The Federal Bureau of Investigation defines white collar crimes as financial crimes with fraud or deceit at their core. In other words, the term “white collar crime” refers to a whole category of crimes where someone fraudulently obtains the personal financial property of someone else for the purpose of enhancing his or her own financial position, or that of family members or friends, at the expense of the victim.
Specific white collar crimes for which you can face either state or federal charges include the following:
- Identity theft
- Money laundering
- Ponzi schemes
- Intellectual property theft
- Health care fraud
RICO crimes, i.e., those prosecuted under the Racketeer Influenced and Corrupt Organizations Act, and various types of mortgage and banking fraud constitute additional white collar crimes.
History of term
Edwin Sutherland, a prominent 20th century sociologist, first coined the term “white collar crime” during the 1930s.
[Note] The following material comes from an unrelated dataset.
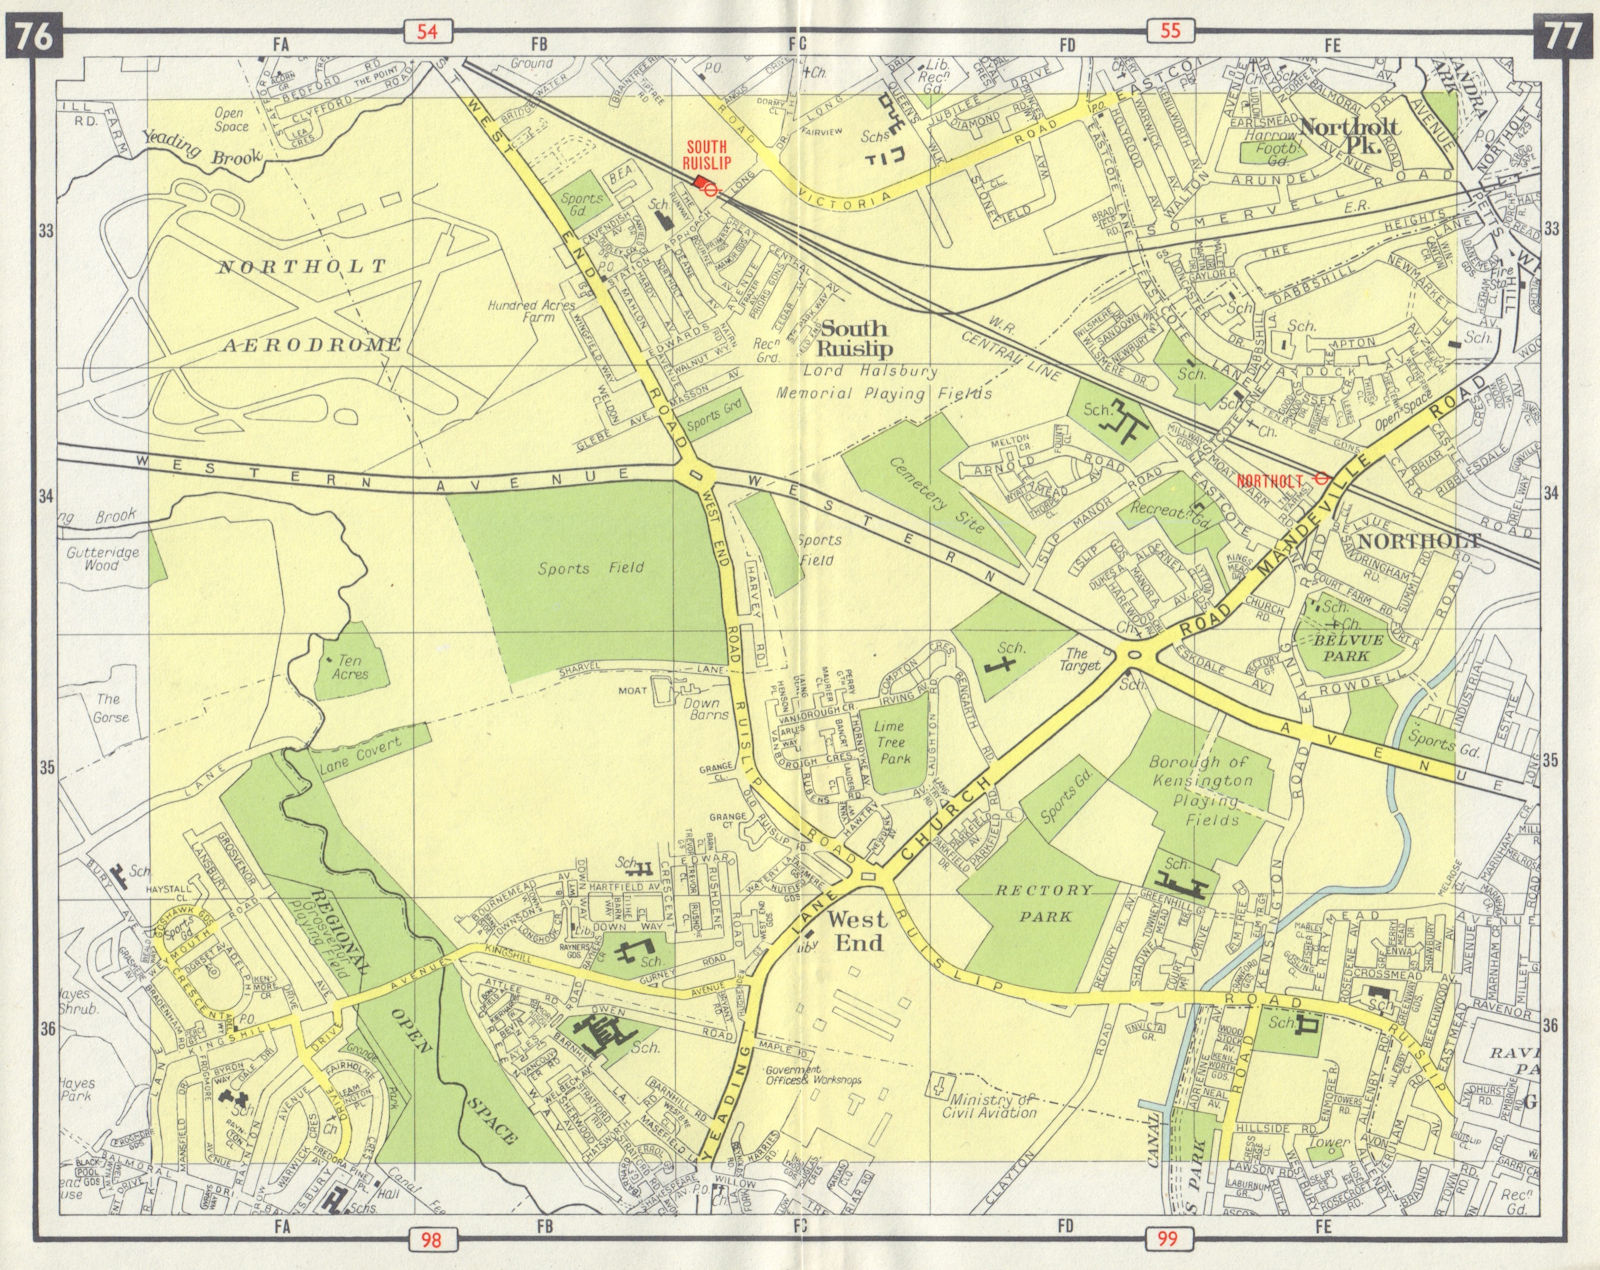 W LONDON Northolt Park Aerodrome South Ruislip West End Greenford 1965 old map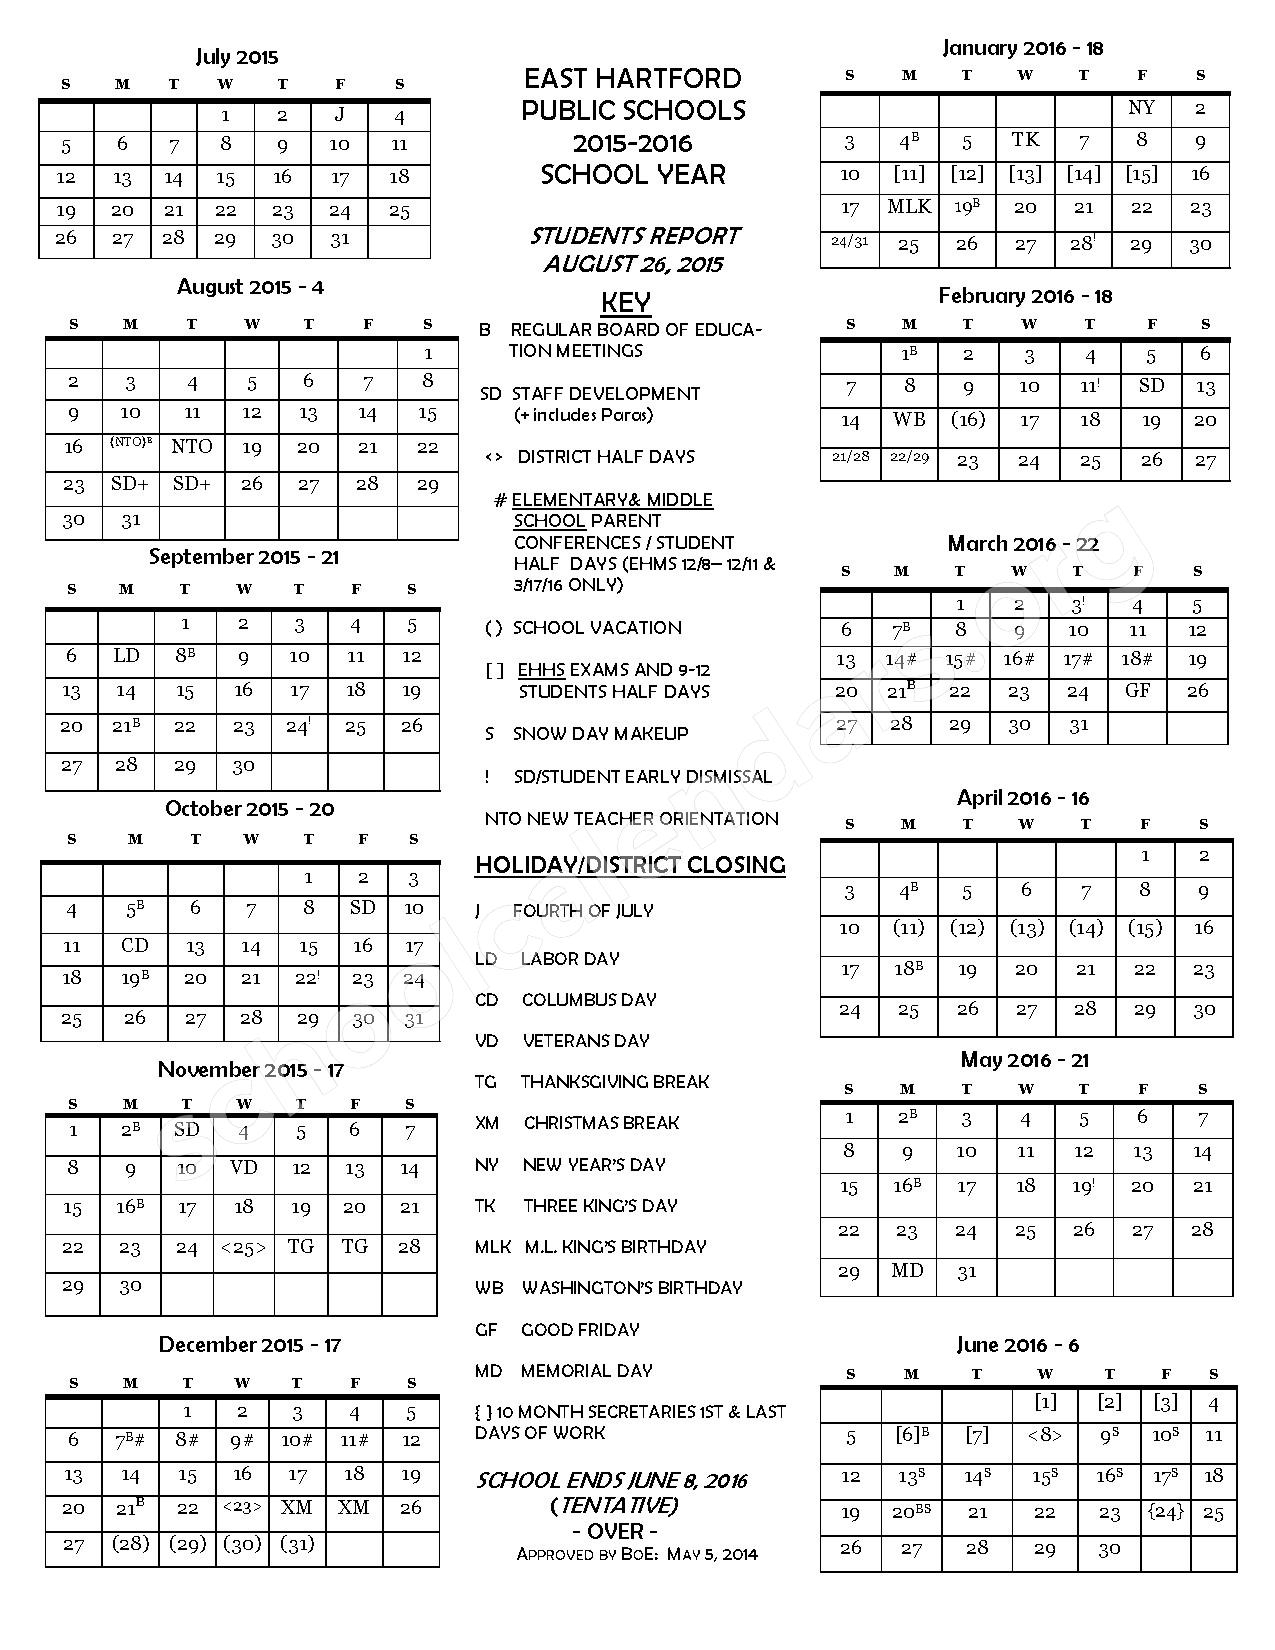 chesterfield-county-schools-calendar-2024-schoolcalendars

Per his definition, it consisted of a “crime committed by a person of respectability and high social status in the course of their occupation.”
Keep in mind that the term reflected the corporate dress code of the time. Top-level executives and stock brokers, those most likely to be in a position of trust on the part of their respective clients, invariably wore dark business suits and white shirts to work. Hence, “white collar.”
Regardless of the type of business garb you wear today, if charged with a white collar crime, you can expect to face several charges, not simply one. Why? Because prosecutors like to cover as many bases as possible when they charge you. Statistics show that if the jury acquits you of one charge, they may well convict you of one or more of the other charges.